What the exercise asks: The required output is the exact text of the lines from the line containing "Dragon Ball Z" through the final line below, inclusive, without pictures.

Data:
++++++++

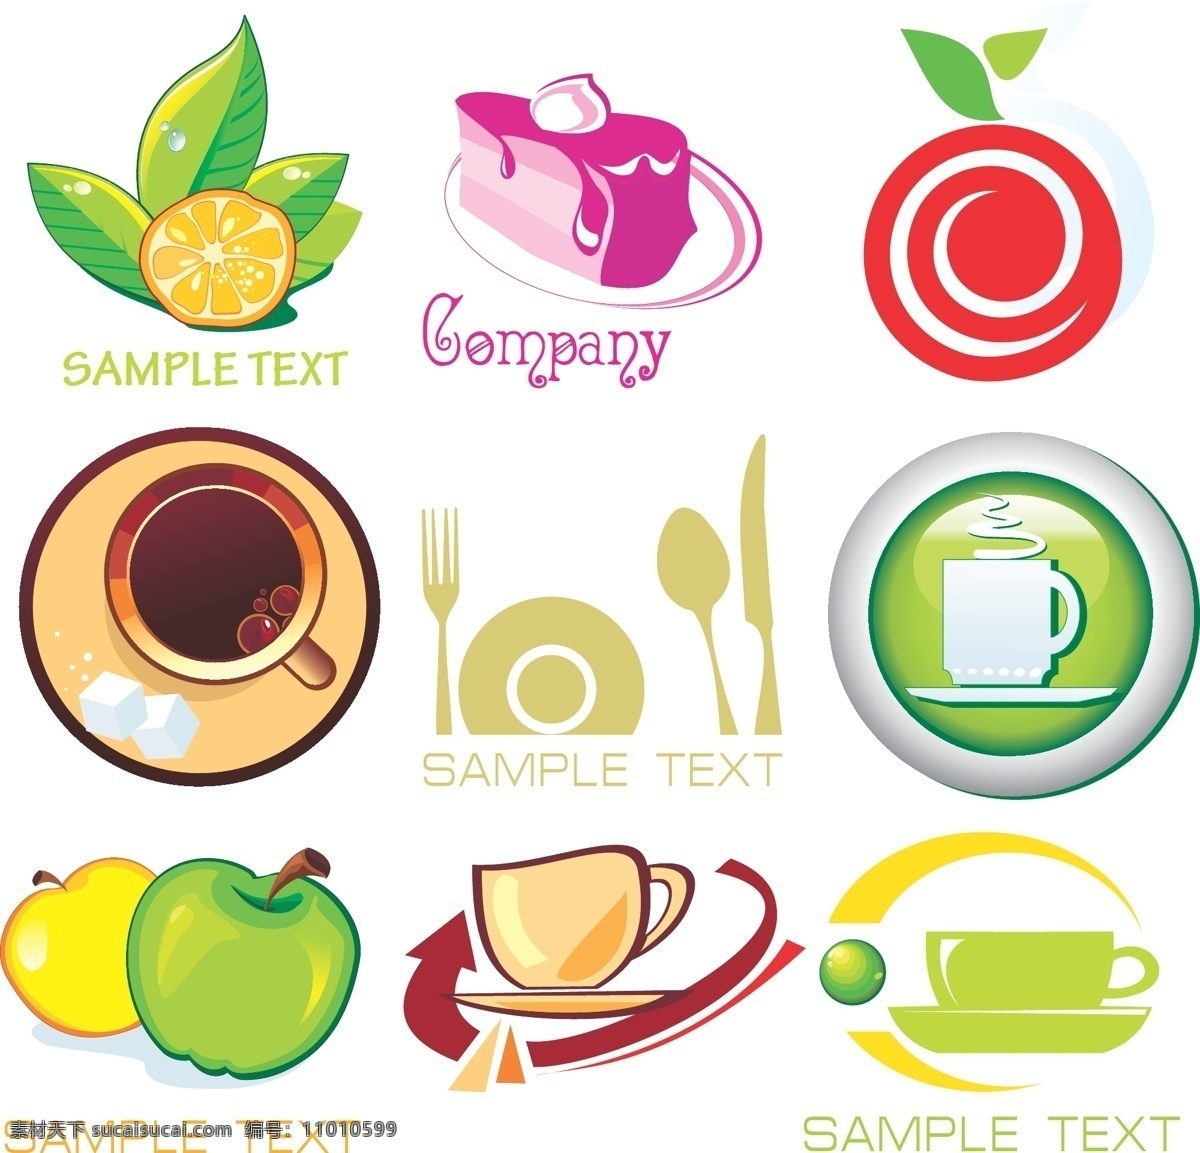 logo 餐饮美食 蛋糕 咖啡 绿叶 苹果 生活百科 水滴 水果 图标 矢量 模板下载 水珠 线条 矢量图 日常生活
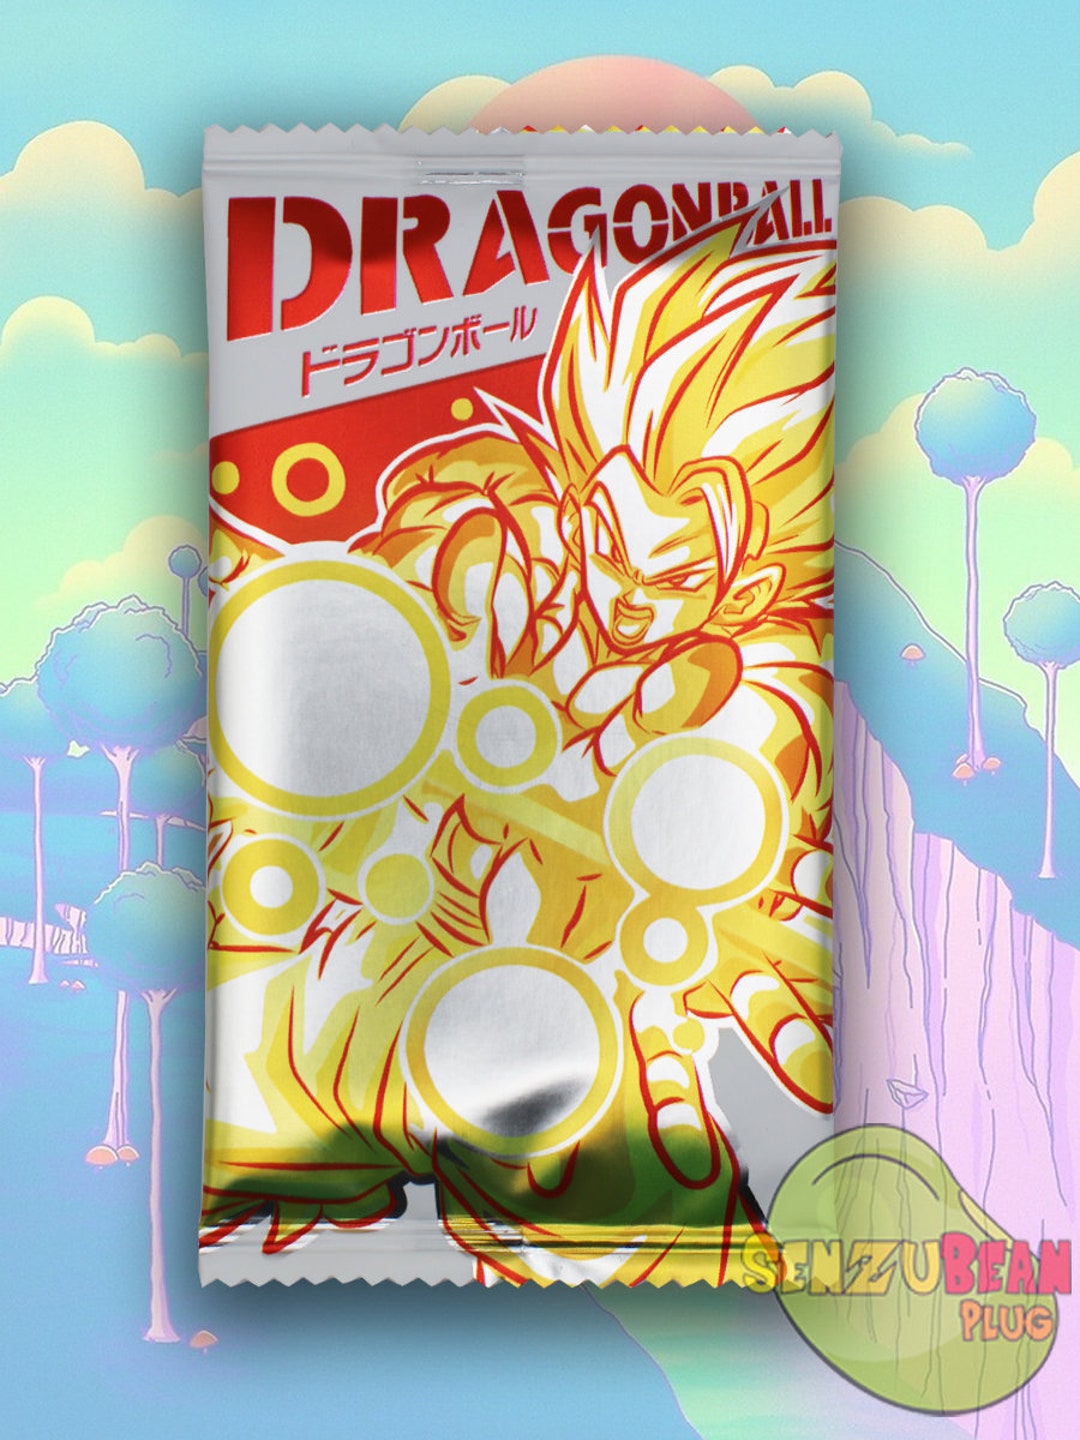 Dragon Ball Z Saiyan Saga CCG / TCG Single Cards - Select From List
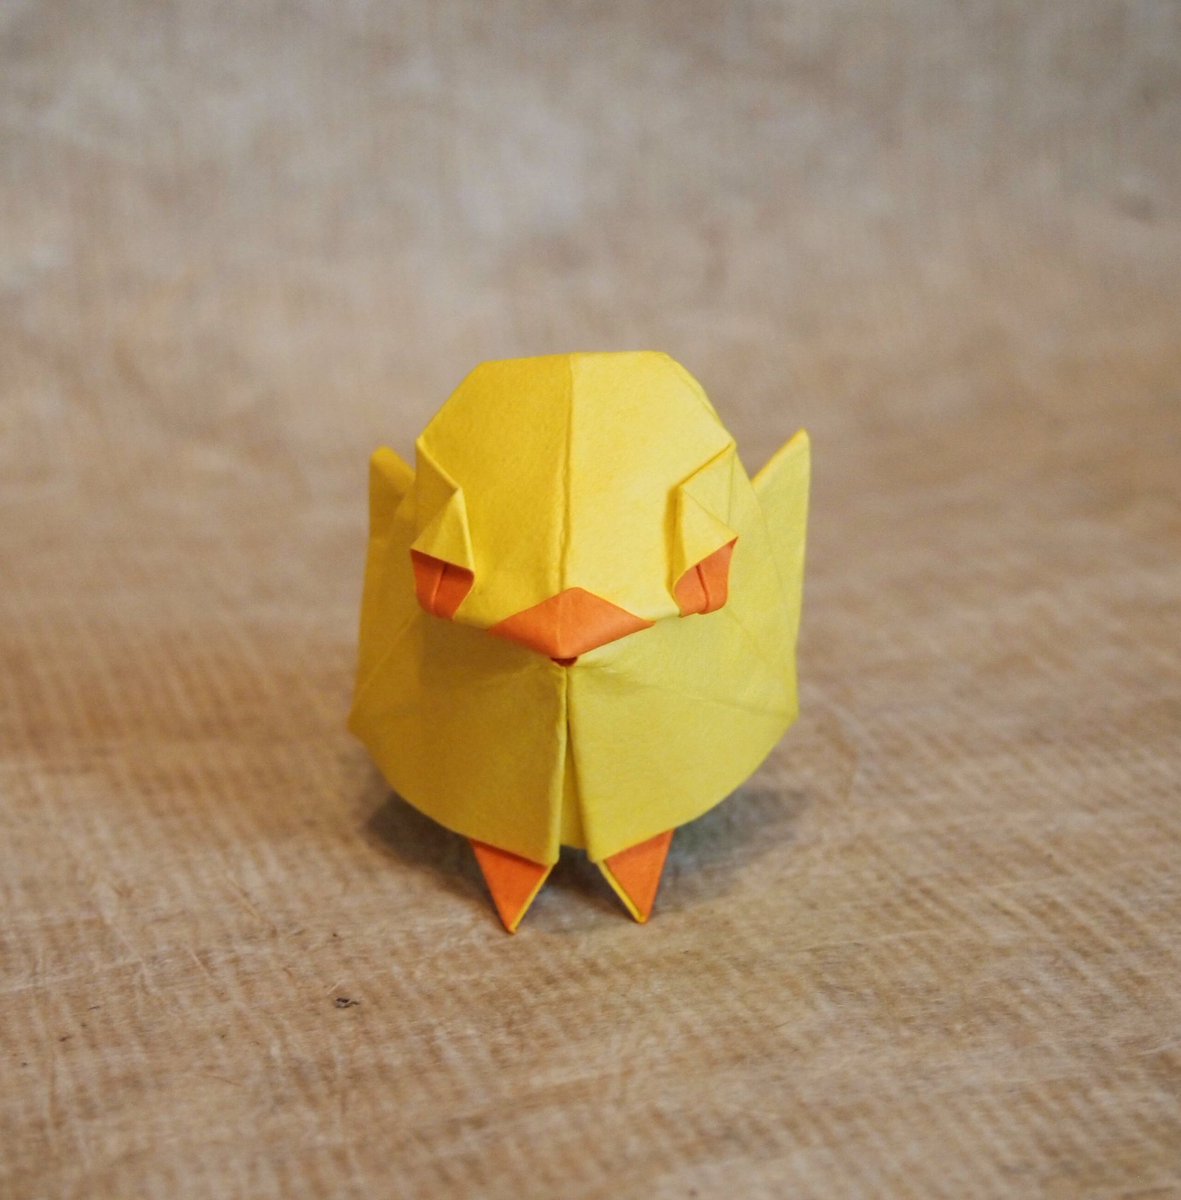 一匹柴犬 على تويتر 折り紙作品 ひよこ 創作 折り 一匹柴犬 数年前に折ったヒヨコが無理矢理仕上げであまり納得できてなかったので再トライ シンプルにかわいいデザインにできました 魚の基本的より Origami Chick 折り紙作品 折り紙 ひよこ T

++++++++

Written response:
 Dragon Ball Z Saiyan Saga CCG / TCG Single Cards - Select From List
 一匹柴犬 على تويتر 折り紙作品 ひよこ 創作 折り 一匹柴犬 数年前に折ったヒヨコが無理矢理仕上げであまり納得できてなかったので再トライ シンプルにかわいいデザインにできました 魚の基本的より Origami Chick 折り紙作品 折り紙 ひよこ T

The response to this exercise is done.